TASK DIRECTIONS: Copy out the whole listing exactly as given. Skip the pictures.

AVAILABLE DATA:
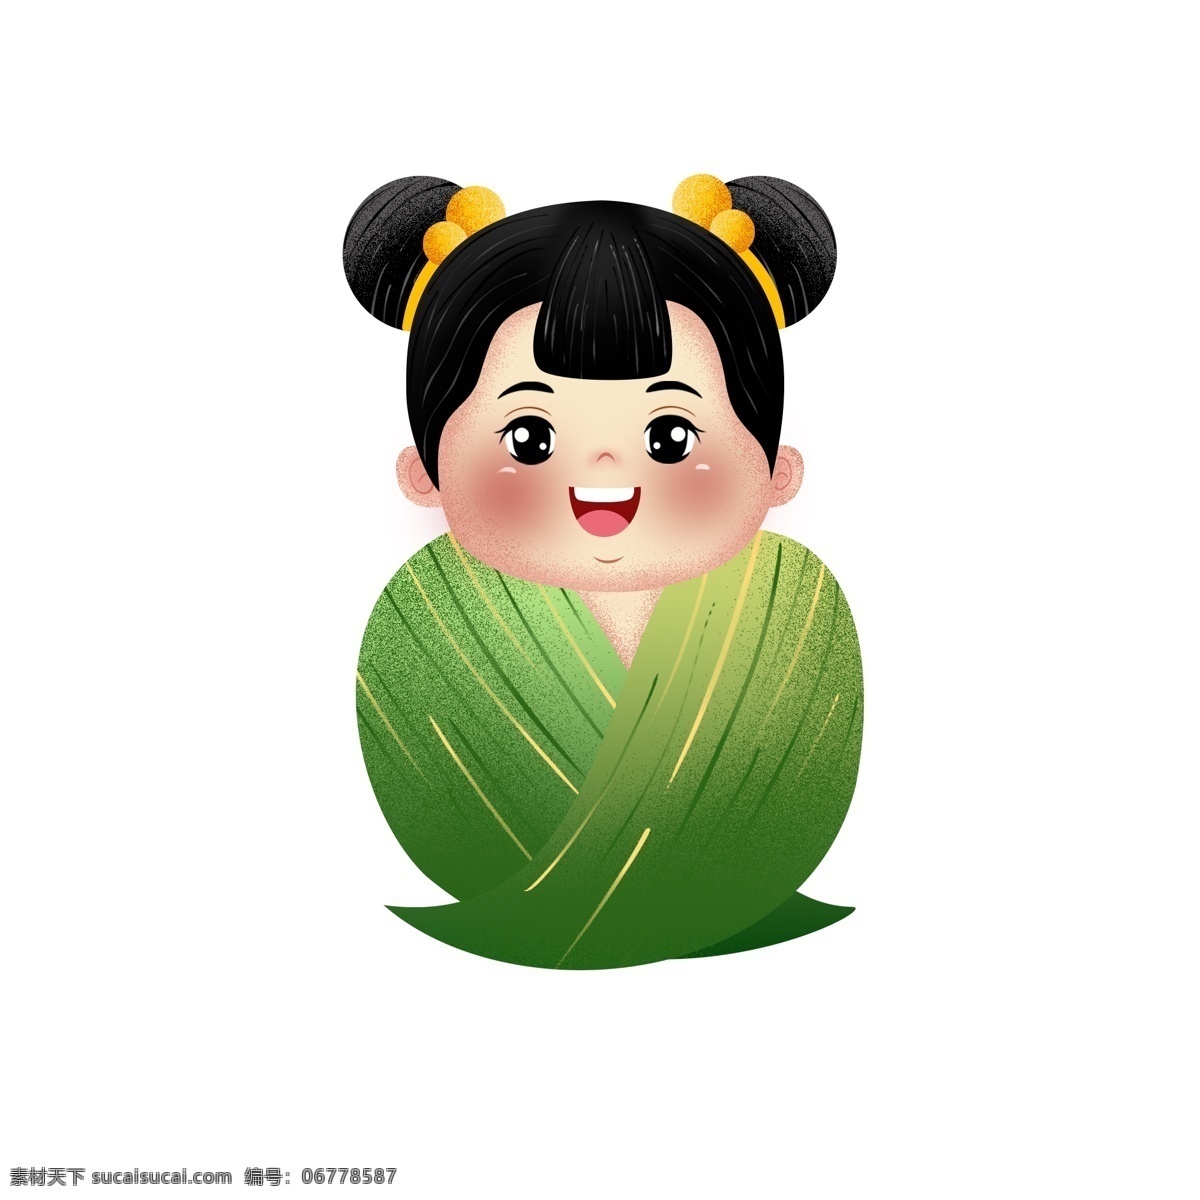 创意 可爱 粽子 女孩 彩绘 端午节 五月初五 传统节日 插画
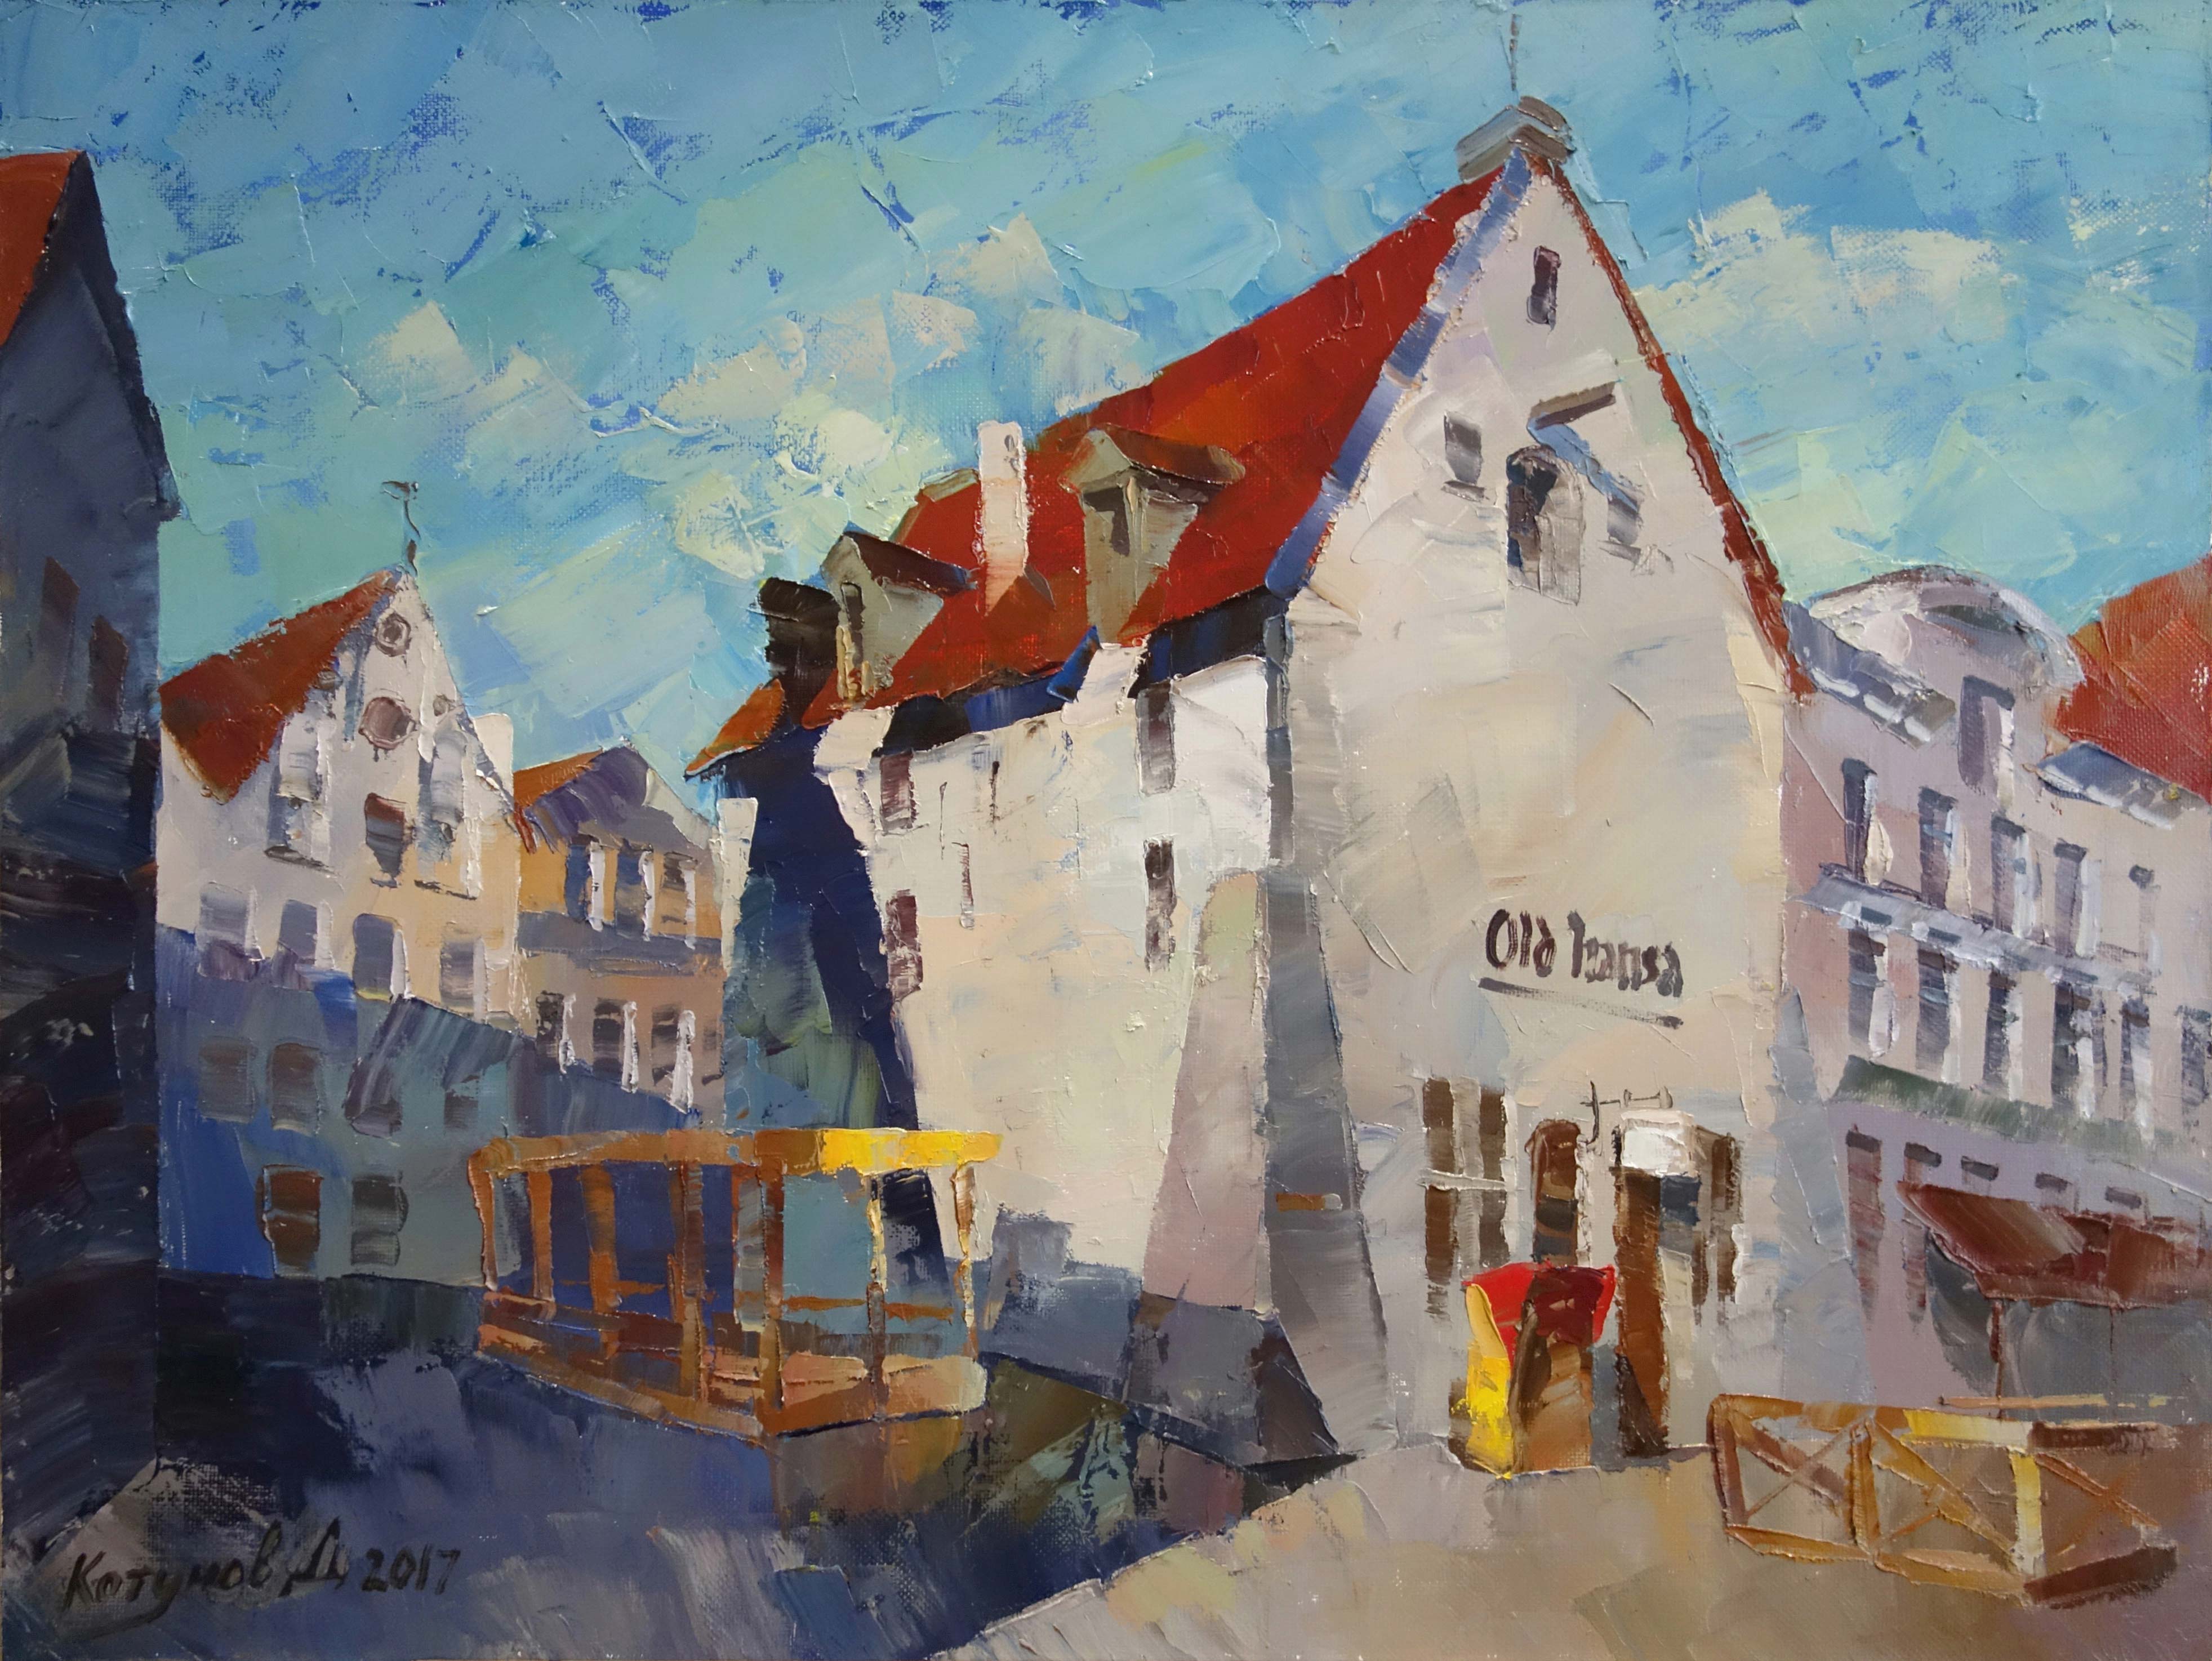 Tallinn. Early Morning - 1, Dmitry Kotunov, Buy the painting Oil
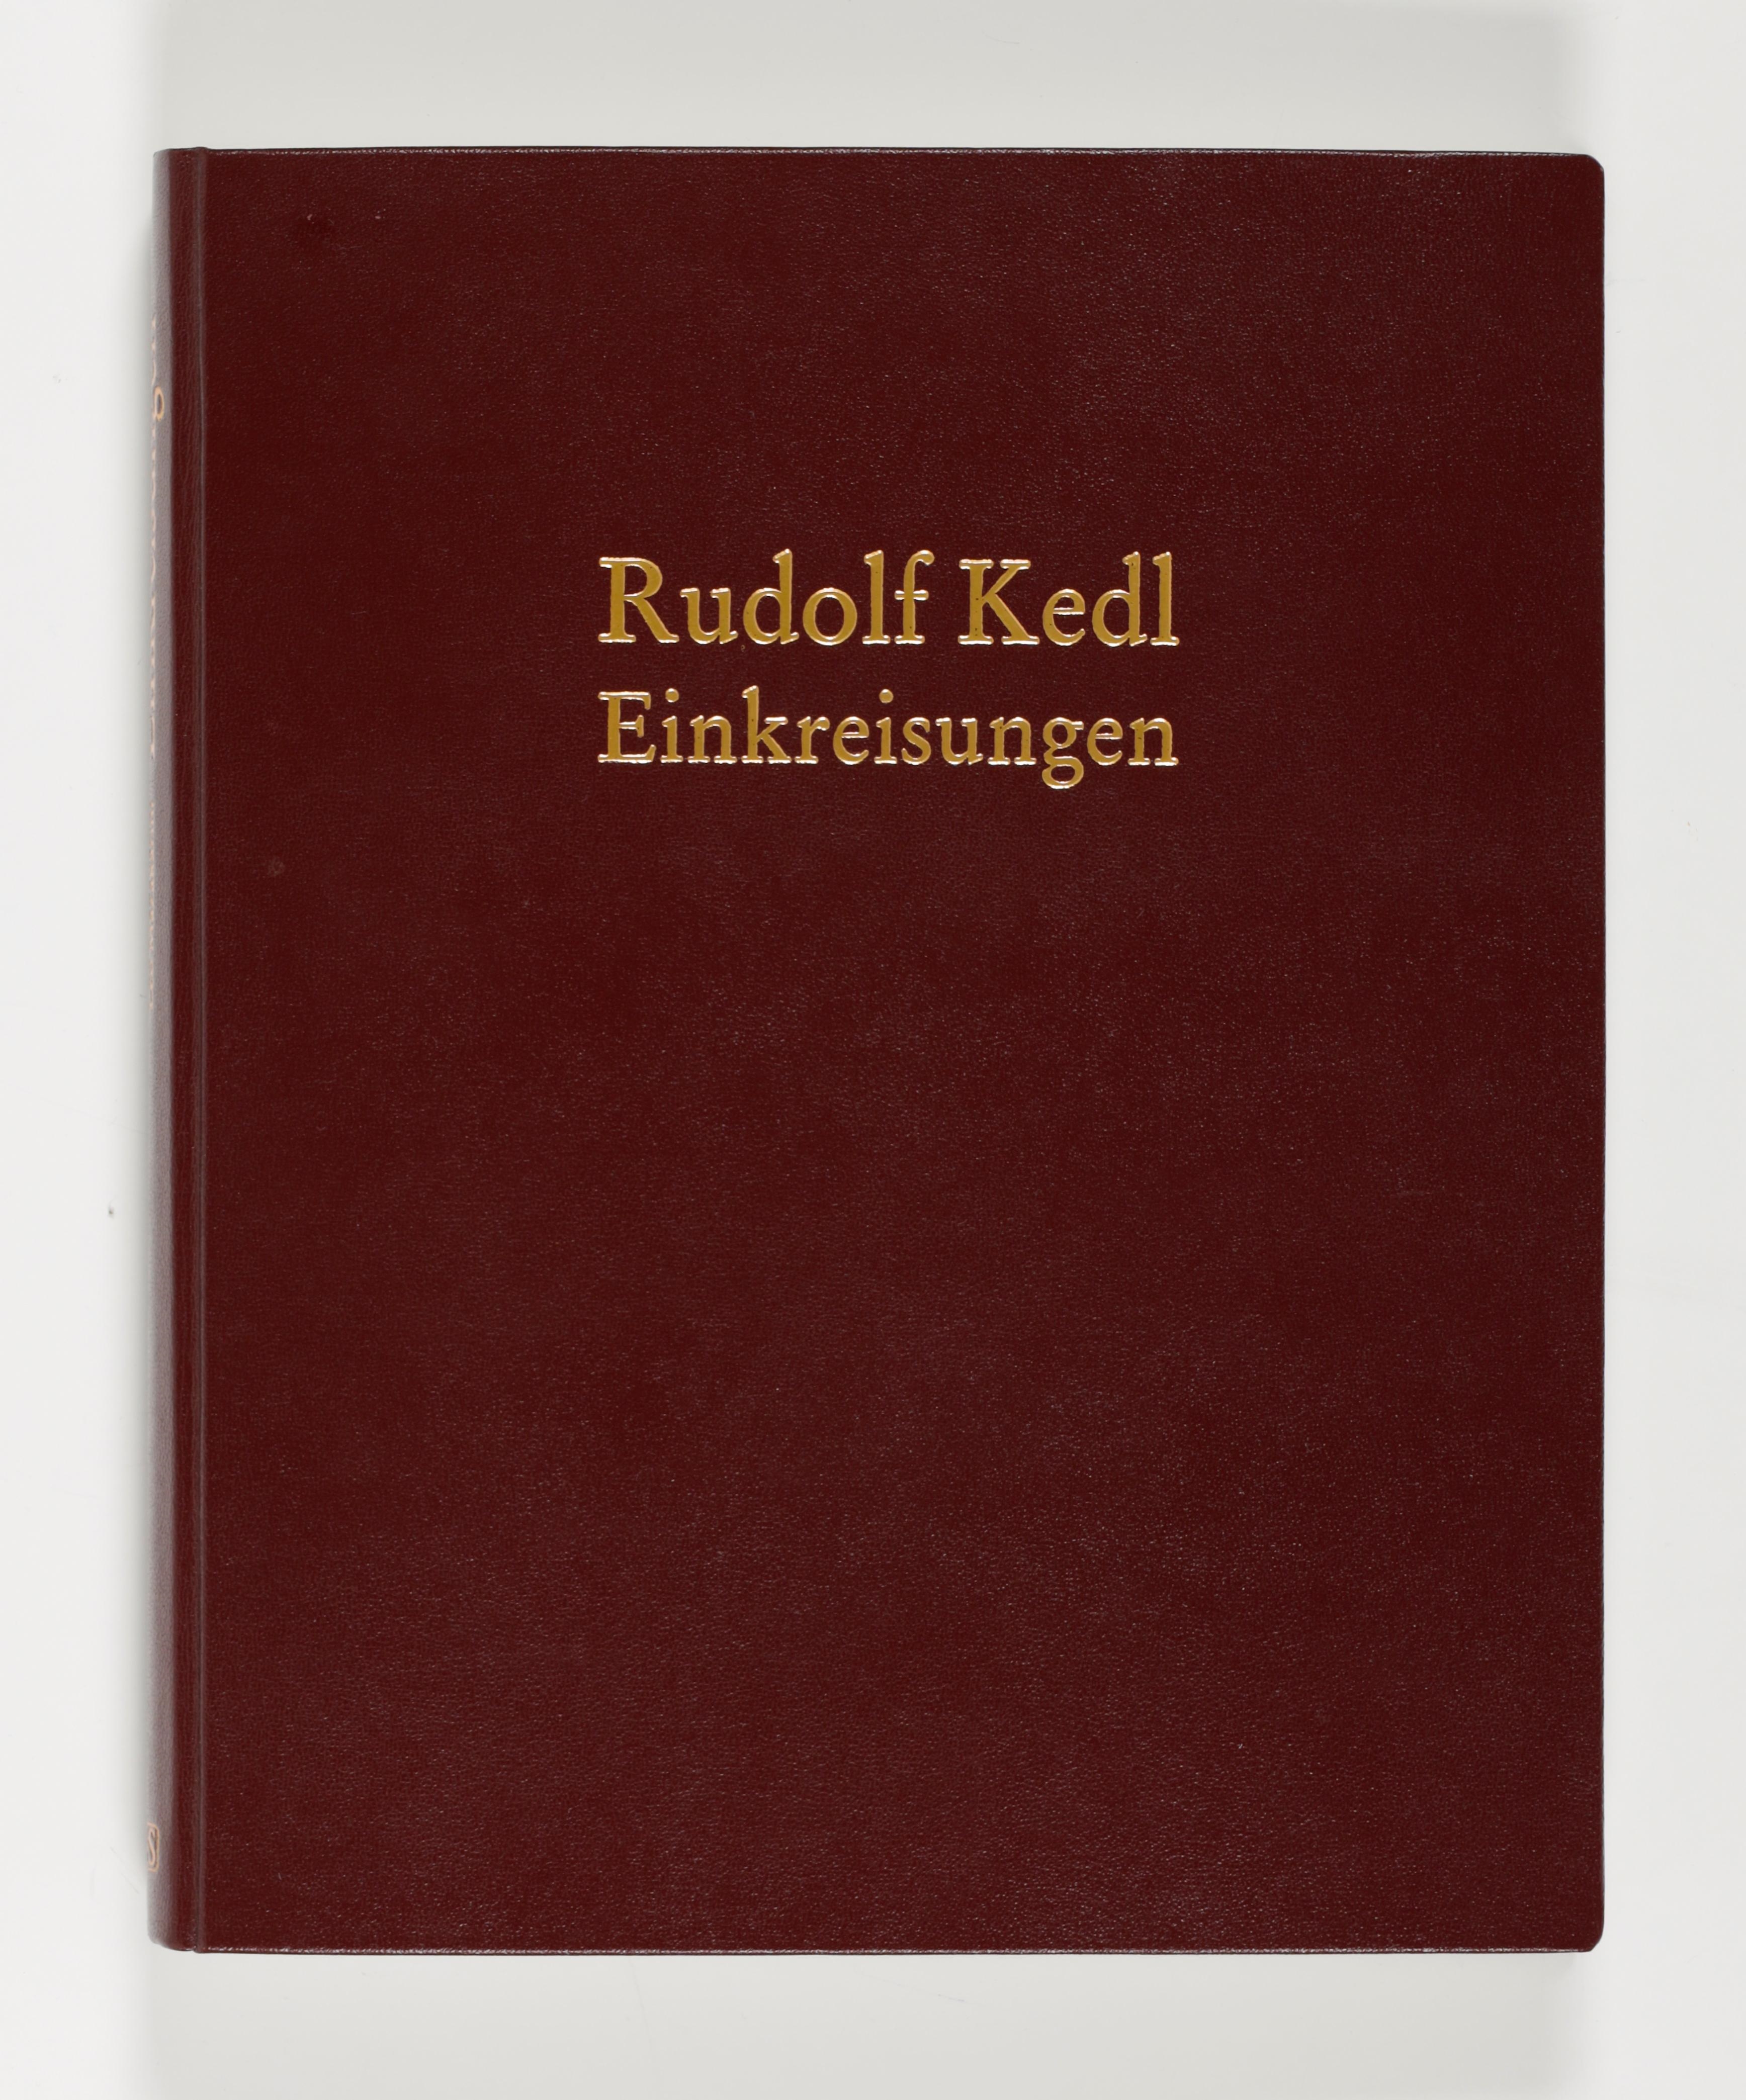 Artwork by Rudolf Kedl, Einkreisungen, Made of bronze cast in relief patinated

EXERCISE OUTPUT:
 创意 可爱 粽子 女孩 彩绘 端午节 五月初五 传统节日 插画
 Tallinn. Early Morning - 1, Dmitry Kotunov, Buy the painting Oil
 Artwork by Rudolf Kedl, Einkreisungen, Made of bronze cast in relief patinated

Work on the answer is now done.